Second, the Dashboard has a way of being defined, usually in a dashboard.js and then a .json widget. In a Dashboard there can be N widgets, each reflecting a different alarm. Let's look at an example:
📌 Fact: You can view the metric information by selecting it in the panel and going to the tab Origin.

The panels/dashboards are viewed as follows:

Perfect, now you know how to define and also what path to follow each time you want to monitor a resource in AWS. But I know that all the help works, so prepare a repository with an example structure, where you can consult how to reference in serverless.yml for example and how to manage environment variables such as mail or arn in different environments.
https://github.com/JazminTrujilloEyzaguirre/CloudWatch_ProjectExample
✅ Last data: Alarms can be defined in the same project where you have your resources, for example your application, with your lambdas or your step functions, or you can also have a separate project just for alarms, since these are referred to by name or arns. This will give you order and help you not to overload your projects.
Finally, these alarms create and integrate the SNS service, which allows you to add emails in which we will receive alarm notifications, for this you must view them on the console.

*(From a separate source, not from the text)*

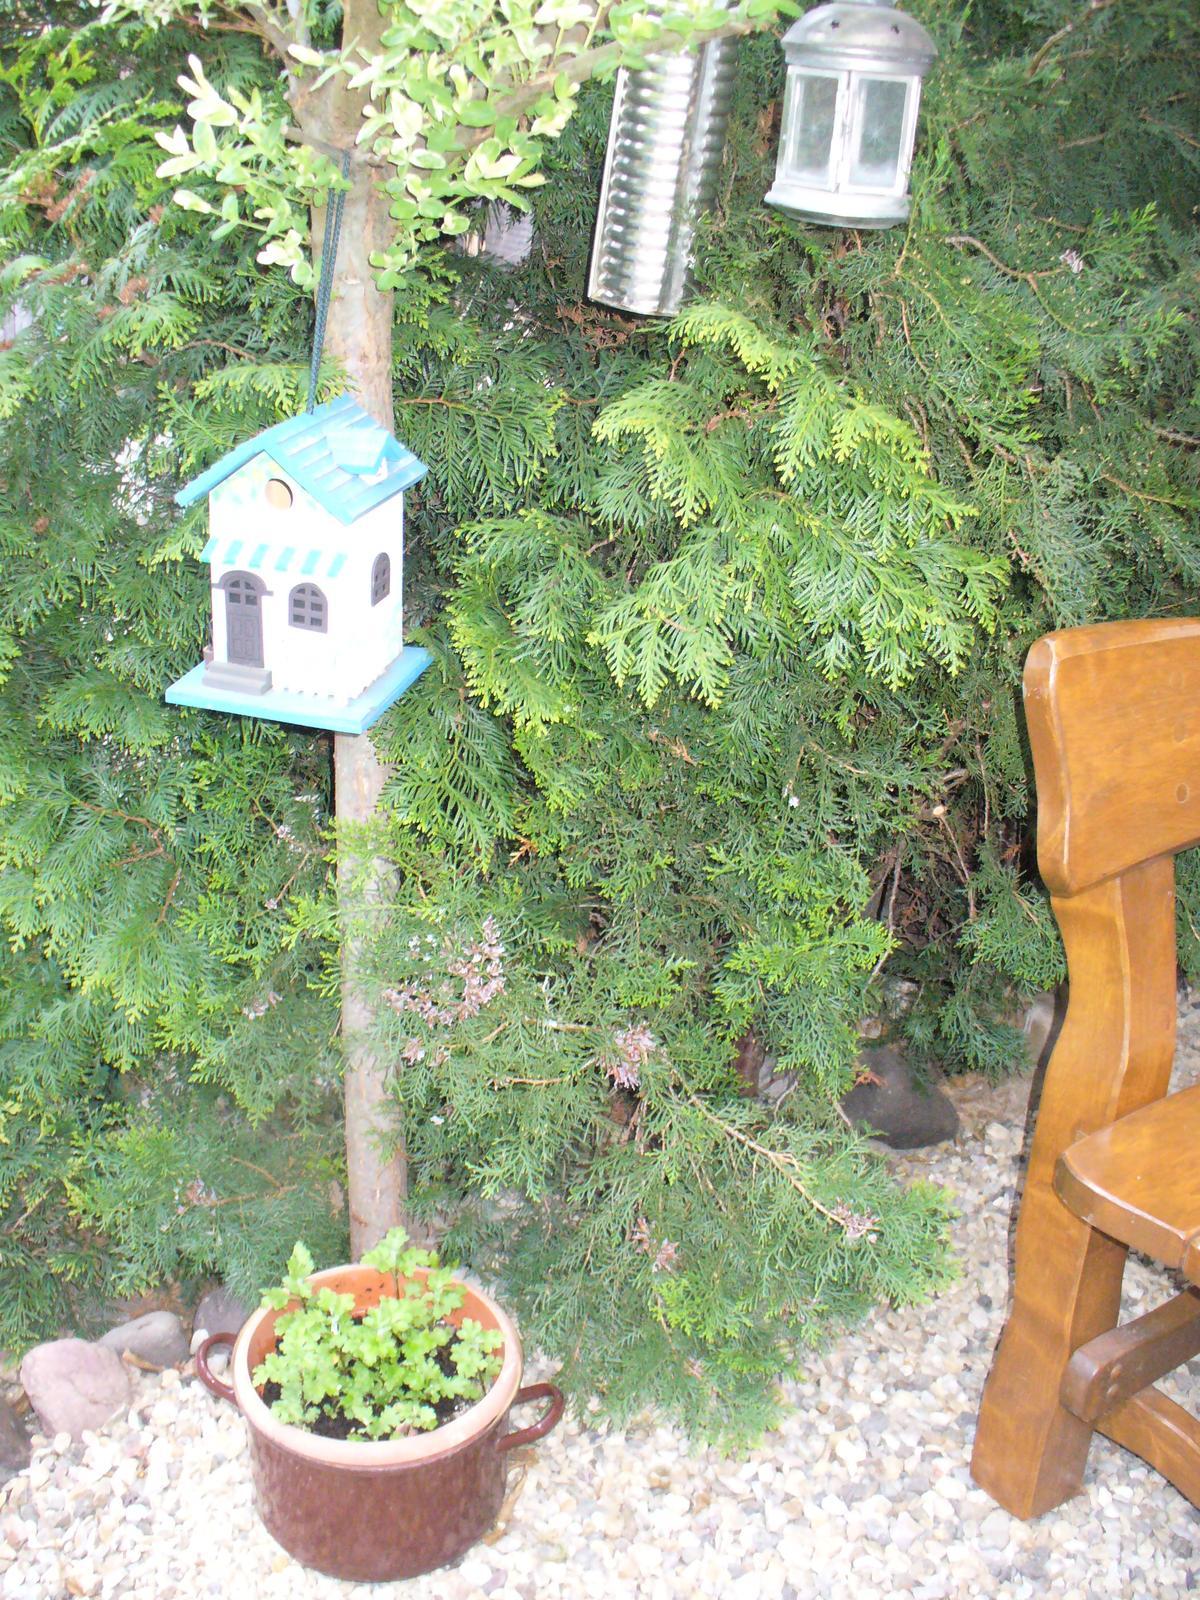 Prerábka, sadenie a úpravy v našej mini záhradke. - starý hrniec a srnčia forma

In Themes you can view all the topics that have been created.

Once located, make sure that the email you added is in the section Subscriptions. But to receive notifications you must subscribe from an email that will arrive similar to this:

The notifications you should expect when your alarm goes off will be of this type:

Each resource handles the metric alarm in a unique way, although similar at first glance. I hope this example helped you, that you know where to start if you have a particular need, but if you still have doubts... Write to us! We can't wait to help you.